→ **Input for this task**
□ □ □ □ □ □ □

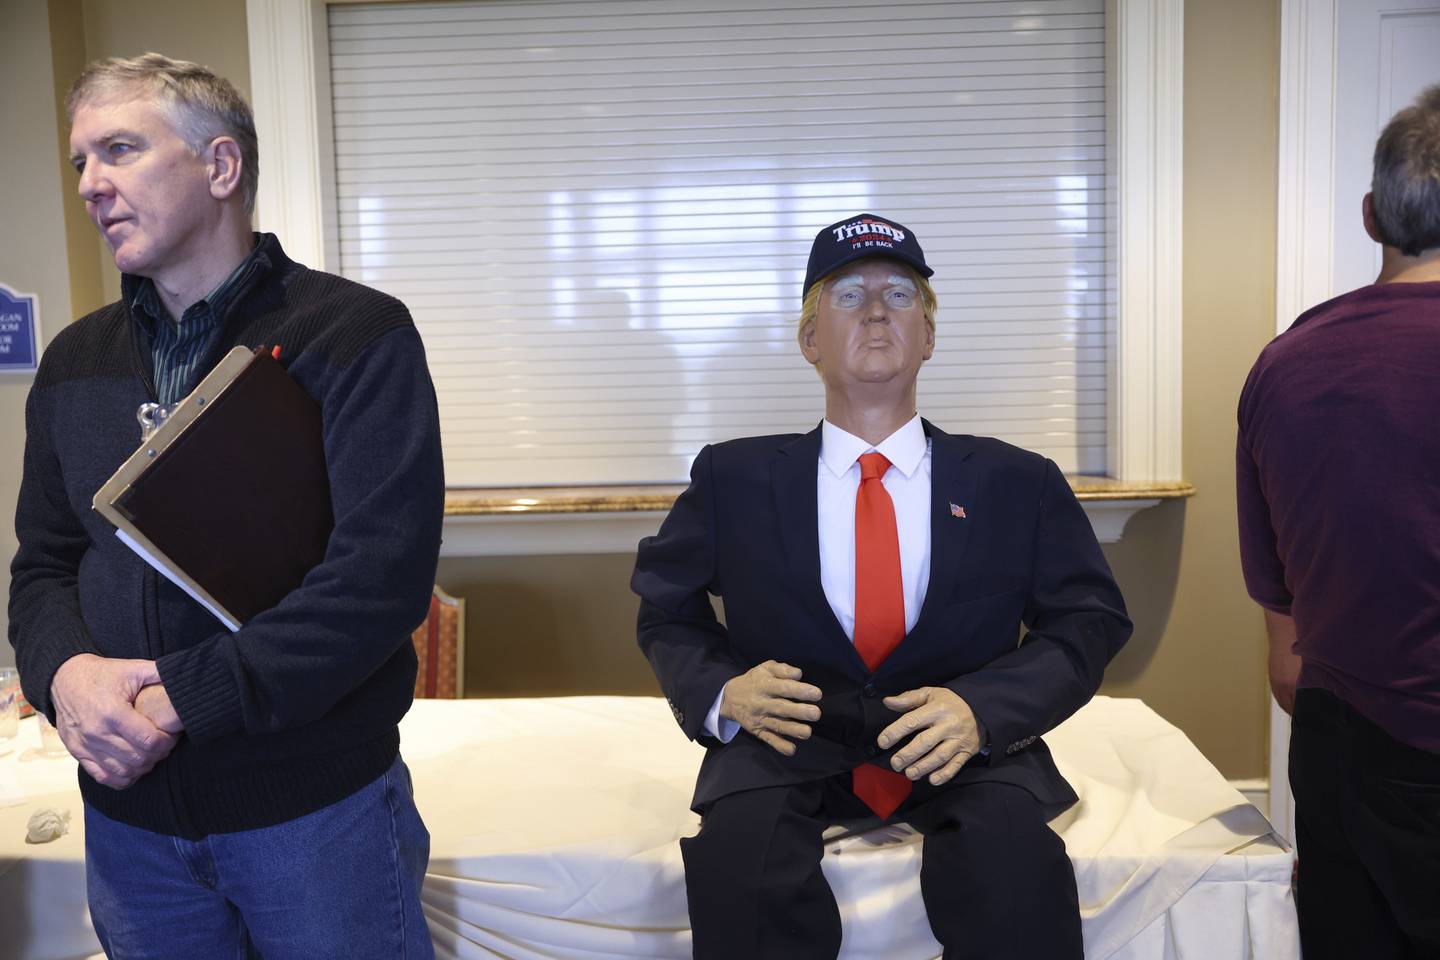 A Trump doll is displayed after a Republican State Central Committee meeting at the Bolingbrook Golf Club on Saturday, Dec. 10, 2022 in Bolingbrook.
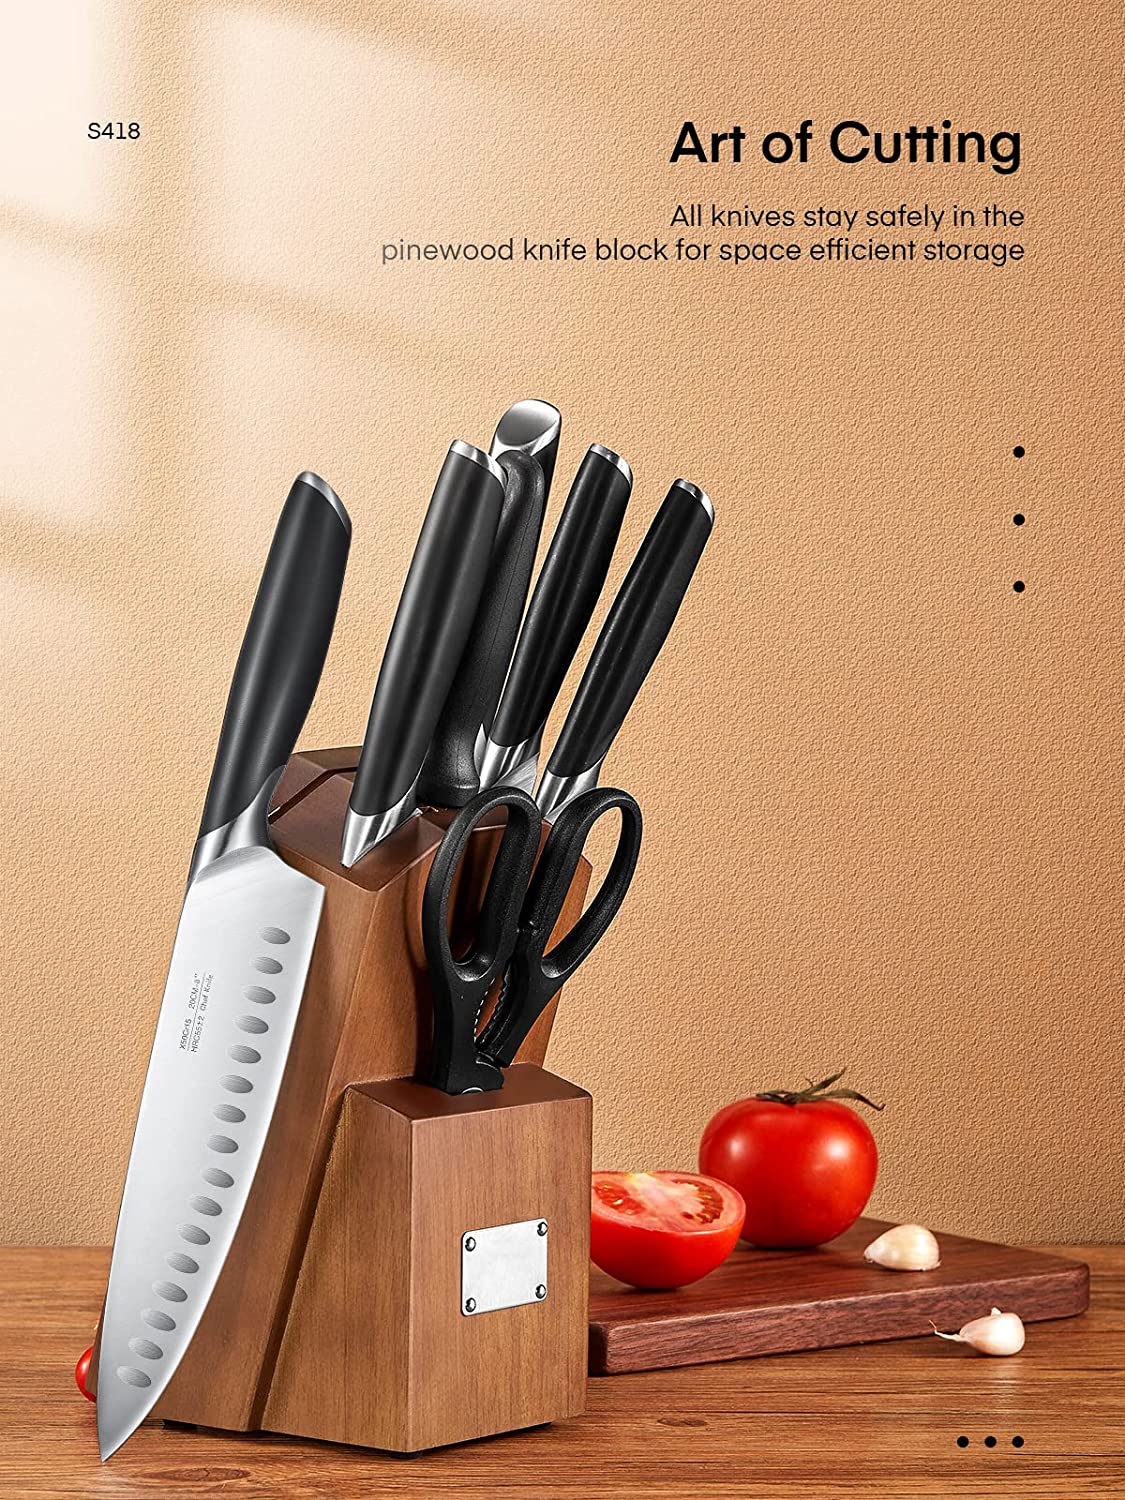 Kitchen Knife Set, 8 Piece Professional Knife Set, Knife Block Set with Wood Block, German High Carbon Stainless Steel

□ □ □ □ □ □ □

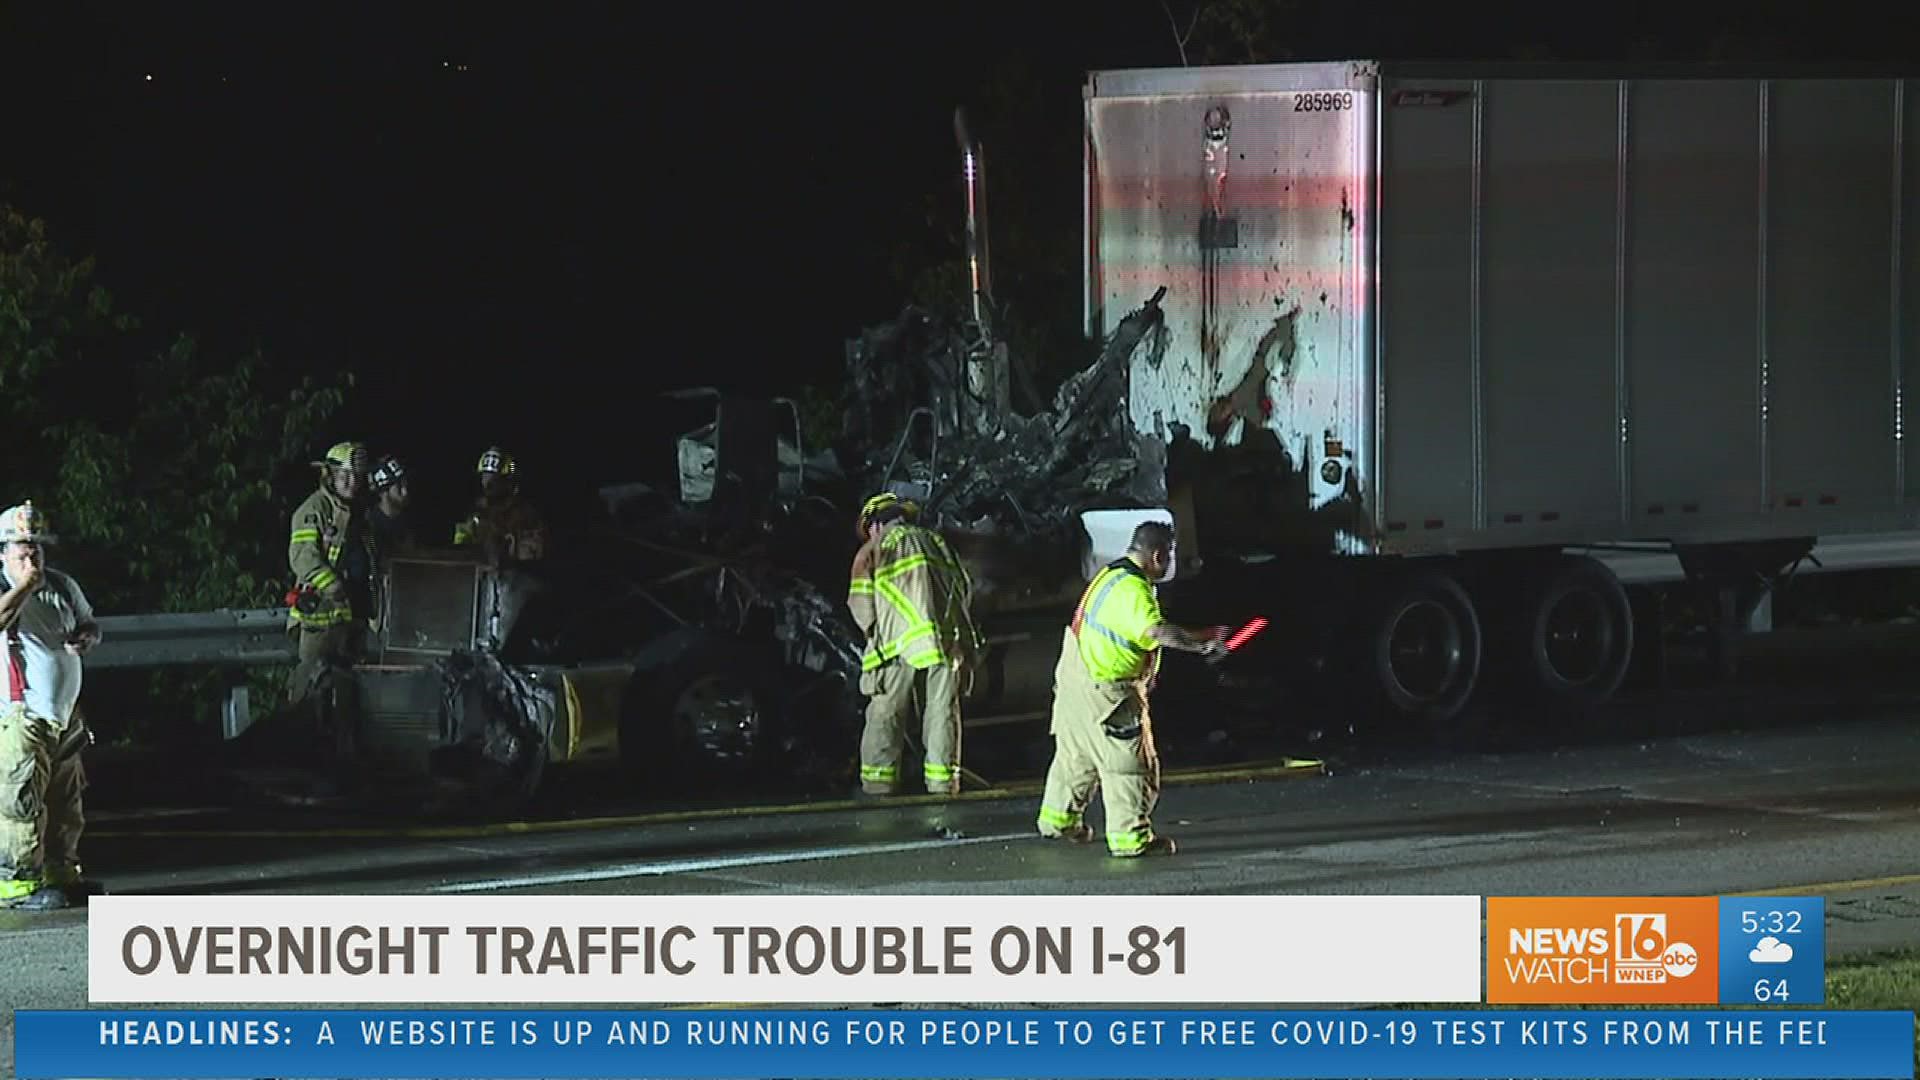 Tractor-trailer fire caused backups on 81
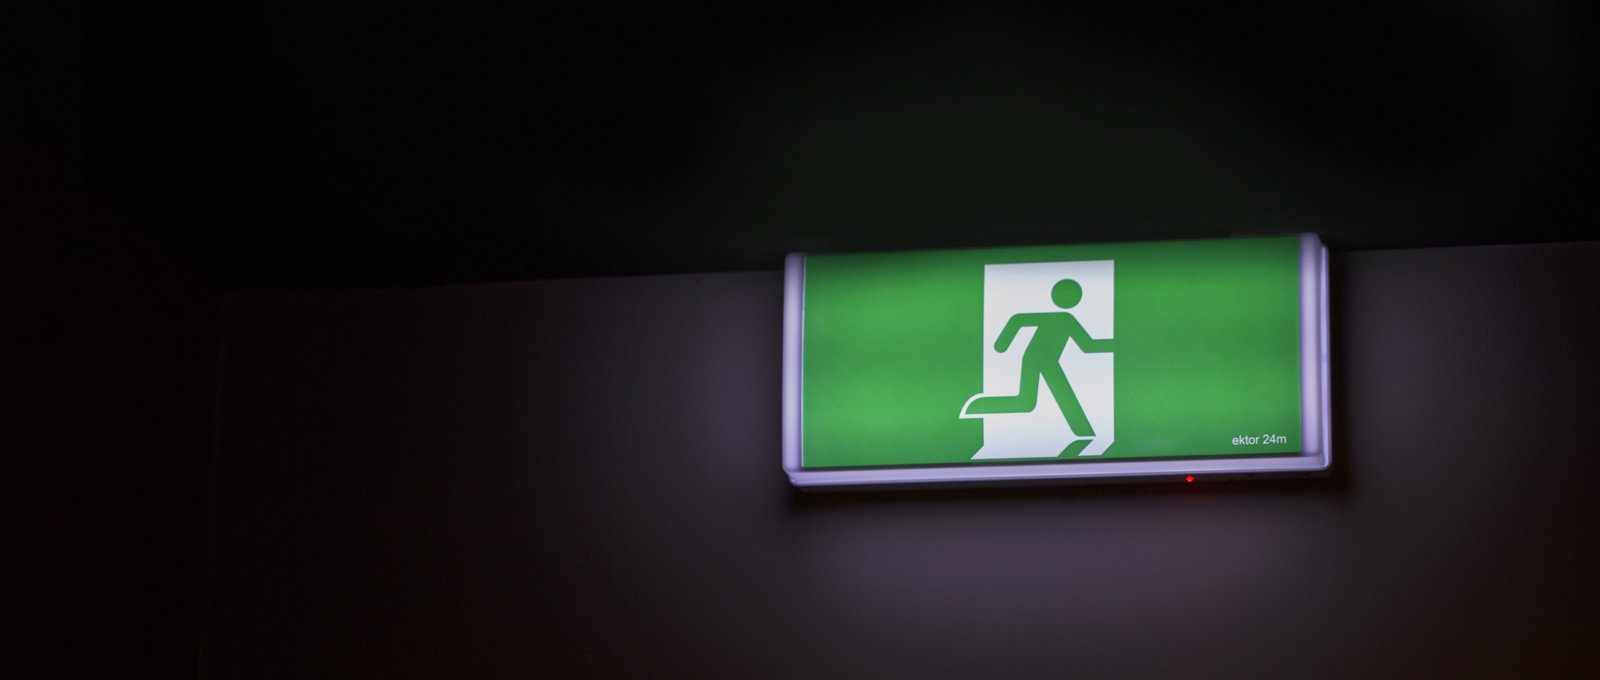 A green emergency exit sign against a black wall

□ □ □ □ □ □ □

→ **Exercise prompt**
For the data above, set down exactly the lines from the line with "A Trump doll" to the line with "Kitchen Knife Set, 8", both included, leaving pictures out.

→ **Response below**
 A Trump doll is displayed after a Republican State Central Committee meeting at the Bolingbrook Golf Club on Saturday, Dec. 10, 2022 in Bolingbrook.
 Kitchen Knife Set, 8 Piece Professional Knife Set, Knife Block Set with Wood Block, German High Carbon Stainless Steel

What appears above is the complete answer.